Un film positif, ou inversible, est constitué d'une superposition de trois couches d'émulsion, sensibles chacune aux bandes rouges, vertes et bleues du spectre. Comme dans la méthode précédente, l'exposition et un premier développement aboutissent à la formation de trois clichés argentiques noirs et blancs superposés qui représentent les zones rouge, verte et bleue de l'image optique. Dans le procédé inversible, en revanche, on n'obtient pas d'image négative. On expose ensuite le film à la lumière d'une lampe, qui induit la formation d'une image latente dans les grains de sels d'argent non exposés auparavant, à savoir les grains de l'image optique qui n'avaient pas été affectés par les radiations rouges, vertes et bleues. On incorpore dans chacune des trois couches un copulant différent. À l'issue d'un second développement du film, on obtient une nouvelle série de trois images argentiques. Les copulants se transforment en teintures qui affectent la seconde série d'images formées (et non la première), en les colorant de la façon suivante : la couche sensible au rouge donne la couleur cyan (soustraction du rouge) ; la couche sensible au vert donne le magenta (soustraction du vert) ; et la couche sensible au bleu donne le jaune (soustraction du bleu).

Après blanchiment et rinçage des deux séries d'images argentiques seules subsistent les teintures transparentes. Dans une zone où l'image optique était rouge, il s'est formé un dépôt noir dans la zone sensible au rouge ; ce dépôt a disparu après blanchiment et rinçage. La couche sensible au vert de la seconde série d'images argentiques est colorée par soustraction du vert, et seule cette couleur subsiste après le blanchiment ; il en est de même pour le bleu. Quand on projette une lumière blanche à travers une diapositive, les teintures de soustraction des rayonnements verts et bleus éliminent les composants bleus et verts de la lumière blanche, ne laissant que le rouge. On obtient ainsi une reproduction du rouge original de l'image optique. Il suffit d'appliquer la même technique aux zones vertes et bleues de l'image optique pour obtenir la diapositive finale.

La conservation des films

Le film photographique ou cinématographique doit être mis à l'abri de la chaleur et de l'humidité.
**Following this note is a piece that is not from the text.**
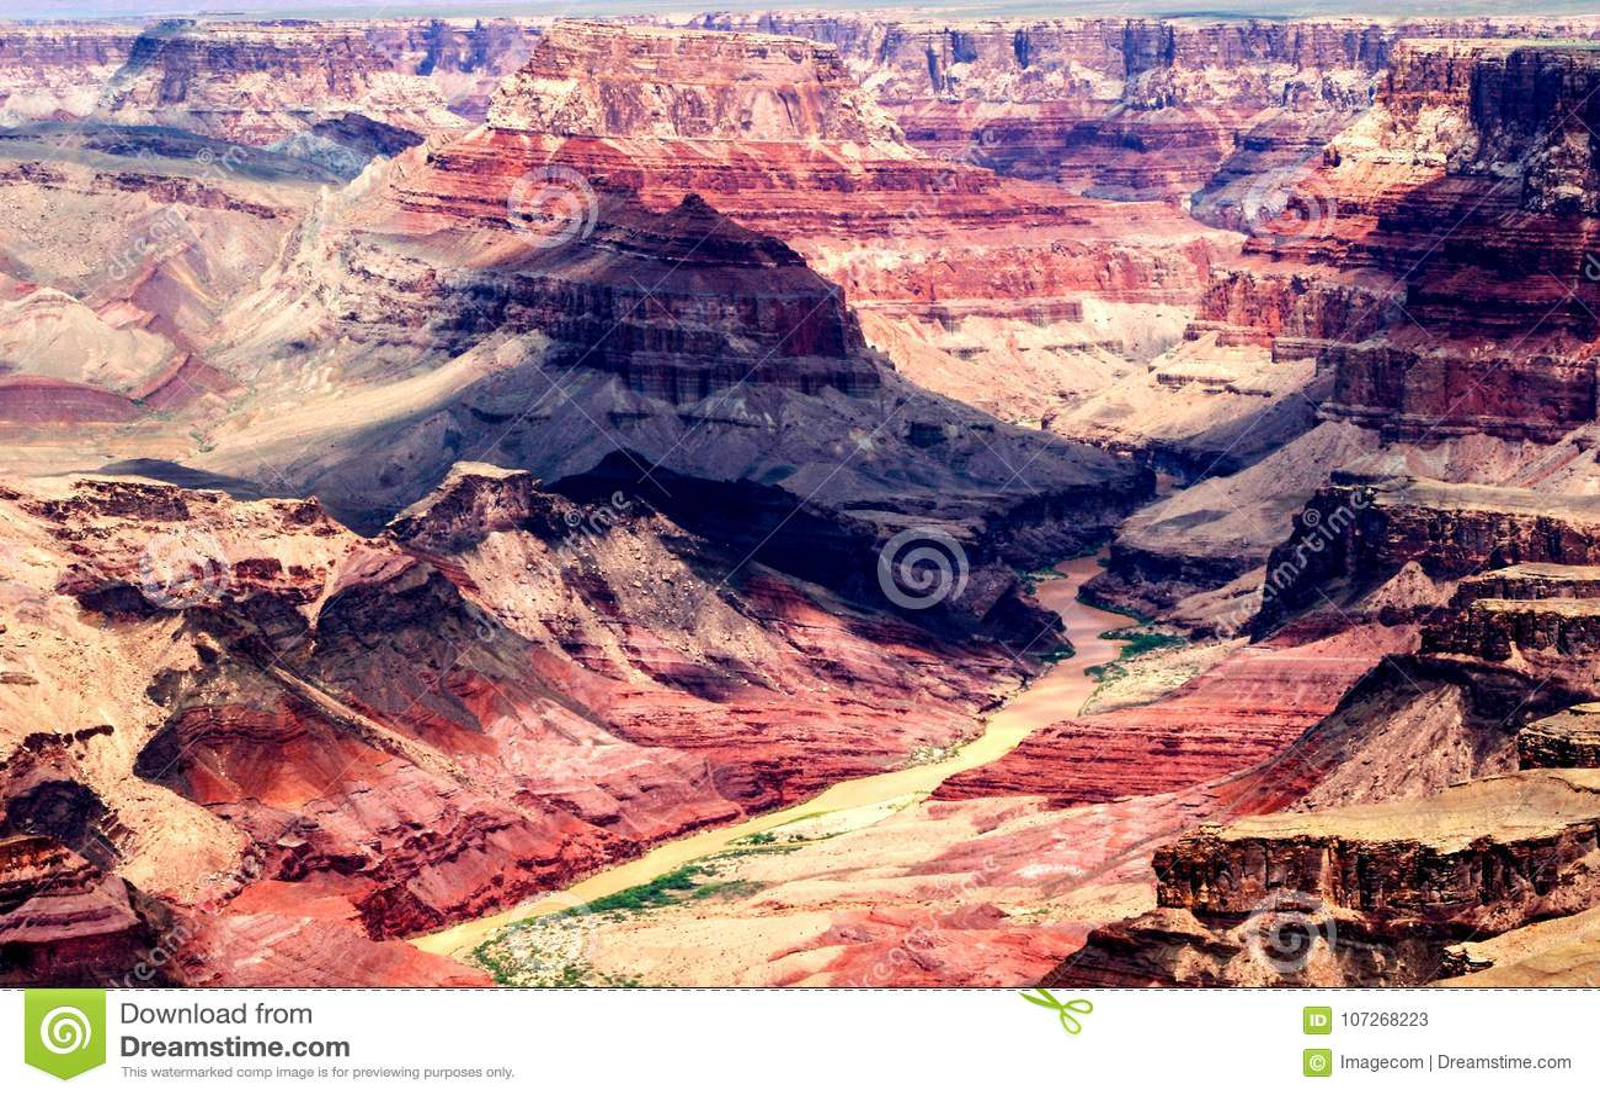 Grand Canyon Arizona Landscape U S A Stock Image Image Of

Sous un climat tempéré, la pellicule noir et blanc se conserve au moins deux ans après sa fabrication. Une date limite, à ne pas dépasser, est mentionnée par le fabricant ; néanmoins, celle-ci peut être reculée d'au moins 6 mois si le film a été stocké dans de bonnes conditions. La pellicule en couleurs demande toutefois des conditions de conservation plus strictes et plus limitées dans le temps ; il est recommandé, pour de longues périodes, de stocker le film dans un réfrigérateur (température idéale : + 4 °C). L'utilisation du film périmé se traduit, pour le noir et blanc, par une perte de sensibilité et de contraste, et, pour la couleur, par une dominante verdâtre.